I completely fell in love with these two pieces of work a while back. They were on show at a trendy event in Manhattan and somehow inspired even the most uppity of hipsters to run around and make fools of themselves. The projected lights in both pieces react to the presence of a human being ?so the flowers “disappear” or “grow back”, while the audio of the Daft Punk record — and the “spinning” of the record — is controlled by a person’s movement. In other words, you could destroy a field of flowers (for a moment) or act as your own DJ, slowing down the music or speeding it up simply by running around in a circle. A version whereby users can scratch records is on its way, though I can’t even imagine how that’s possible.
I caught up with the creator of these two pieces, Theo Watson, who’s a creative based in Amsterdam in order to grill him about how the hell these installations work.
So. Huh? What on earth is going on? How have you done this?
Basically they both use a similar technique. A camera attached to the ceiling is sending video of the installation area below to a computer.
This gives the computer a bird's eye view of the installation. The computer then processes the image to see where people are standing and then uses that to effect the installation. In the case of Daisies it simply 'kills' the flowers where the person is standing, but with Vinyl Workout it actually tracks the movement of each person and then adds it all together to create a net speed at which the record should turn. This means for example that if someone was running in one direction and then another person ran in the opposite direction they could cancel out each other and bring the record to a stop.
Let's take the projects separately. What was the design process and thinking behind Daisies?Daisies was originally a small project for a computer vision class run by Zachary Lieberman at Parsons School of Design. Our department was on the 10th floor and so that made for a lot of waiting for the elevator. I thought it would be nice to make an interactive patch of flowers to go by the entrance to the elevator that people could play with while they were waiting. It also meant that people getting off the elevator would have to walk through the flowers. It ended up being very successful, people would get off the elevator just to play with it and then get back on and go to their floor.
And Vinyl Workout?Vinyl Workout was a project I designed specifically for the Rotterdam Electronic Music Festival (REMF).
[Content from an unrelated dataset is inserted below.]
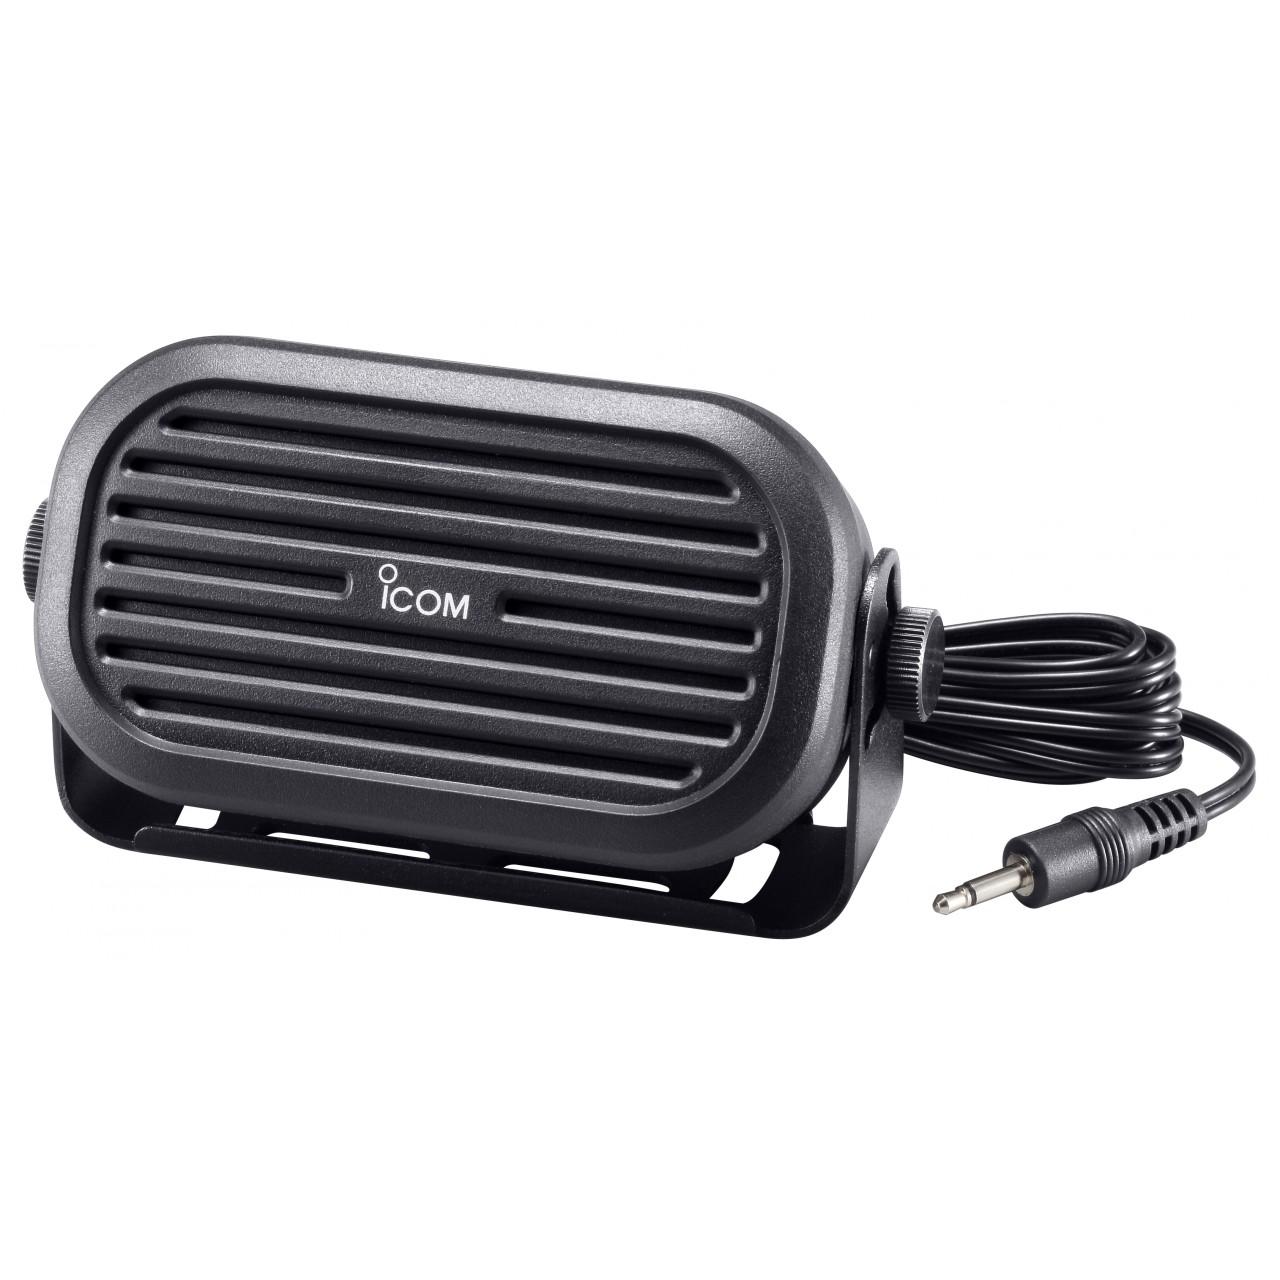 SP-35L Speakers - ICOM

Rotterdam has a strong heritage for electronic and dance music and I thought for this festival it would be nice to emphasise this connection between movement and music that is slowly being lost as DJs move away from records to more digital media. It actually works with any song (you just need the image of the vinyl and the music) but considering the way you play with it, Daft Punk's 'Around the world' seemed like the perfect song to debut this project with. Scratching should come soon. It is actually much harder than it seems but it is definitely possible. I am also excited about the idea of a record installation where people have to work together to mix the records with their movement.
What future applications do you see for projects like this?
I would like to see pieces like Daisies as permanent installations in large buildings. I think it is important to integrate dynamic systems into architecture to remind people to have fun and stay curious. I also think it is important that people feel like they can have an effect on the space around them and it is not just blocks of looming, static, concrete.
Having worked on installations for the likes of genius director, Michel Gondry, Watson's currently working with his former Parsons tutor, Zachary Lieberman, and they're shortly to release a free opensource toolkit for writing creative code. Given how undeniably effective and powerful these two projects are, Watson's optimism -- "it is definitely something we think others will find useful too!" seems to be well-placed.